4. Vinegar is a dilute solution of acetic acid. What is the concentration of acetic acid in the vinegar if 26.5 mL of NaOH at 0.250 M are required to neutralize 10.0 mL of vinegar?
How many moles NaOH did you use? That is M x L = ??
How many moles vinegar do you have in the 10 mL? Since the reaction is 1:1 (see equation below) the same number of moles of vinegar are in the 10 mL sample.
Concn = M = moles/L. So that many moles in 0.010 L = ??
CH3COOH + NaOH ==> CH3COONa + H2O
To determine the concentration of acetic acid in the vinegar, we can use the concept of stoichiometry and the information given in the question.
First, let's write a balanced chemical equation for the neutralization reaction between acetic acid (CH3COOH) and sodium hydroxide (NaOH):
CH3COOH + NaOH → CH3COONa + H2O
Based on the balanced equation, we can see that one mole of acetic acid reacts with one mole of sodium hydroxide to produce one mole of sodium acetate and one mole of water.

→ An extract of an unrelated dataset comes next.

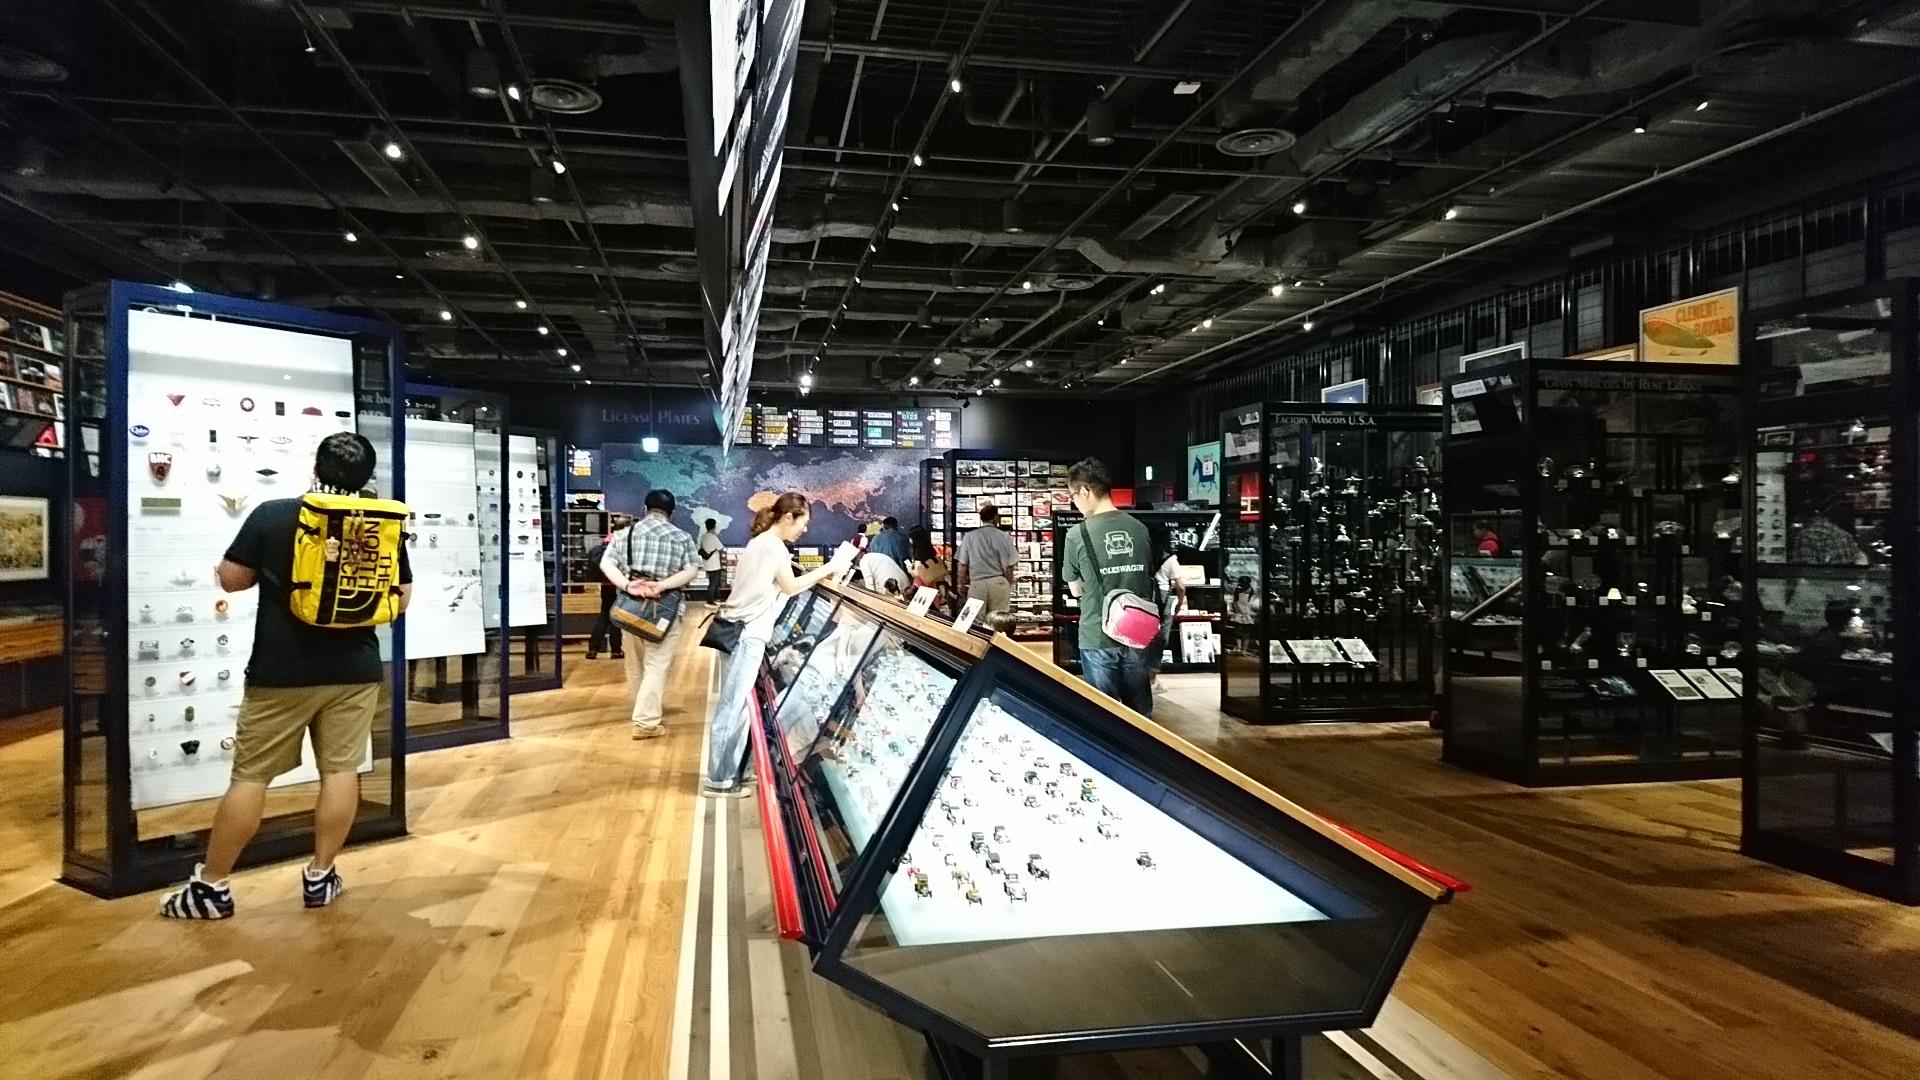 2019.6.30 (10004) トヨタ博物館 - 文化館 1920-1080

Now, let's calculate the number of moles of NaOH used in the neutralization reaction:
moles of NaOH = volume of NaOH (in liters) * concentration of NaOH
Given:
- Volume of NaOH = 26.5 mL = 0.0265 L
- Concentration of NaOH = 0.250 M
moles of NaOH = 0.0265 L * 0.250 M = 0.006625 moles
Since the balanced equation shows that the ratio of moles of acetic acid to moles of NaOH is 1:1, we know that the number of moles of acetic acid in 10.0 mL of vinegar is also 0.006625 moles.
Now, let's calculate the concentration of acetic acid in the vinegar:
concentration of acetic acid = moles of acetic acid/volume of vinegar (in liters)
Given:
- Volume of vinegar = 10.0 mL = 0.01 L
concentration of acetic acid = 0.006625 moles / 0.01 L = 0.6625 M
Therefore, the concentration of acetic acid in the vinegar is 0.6625 M.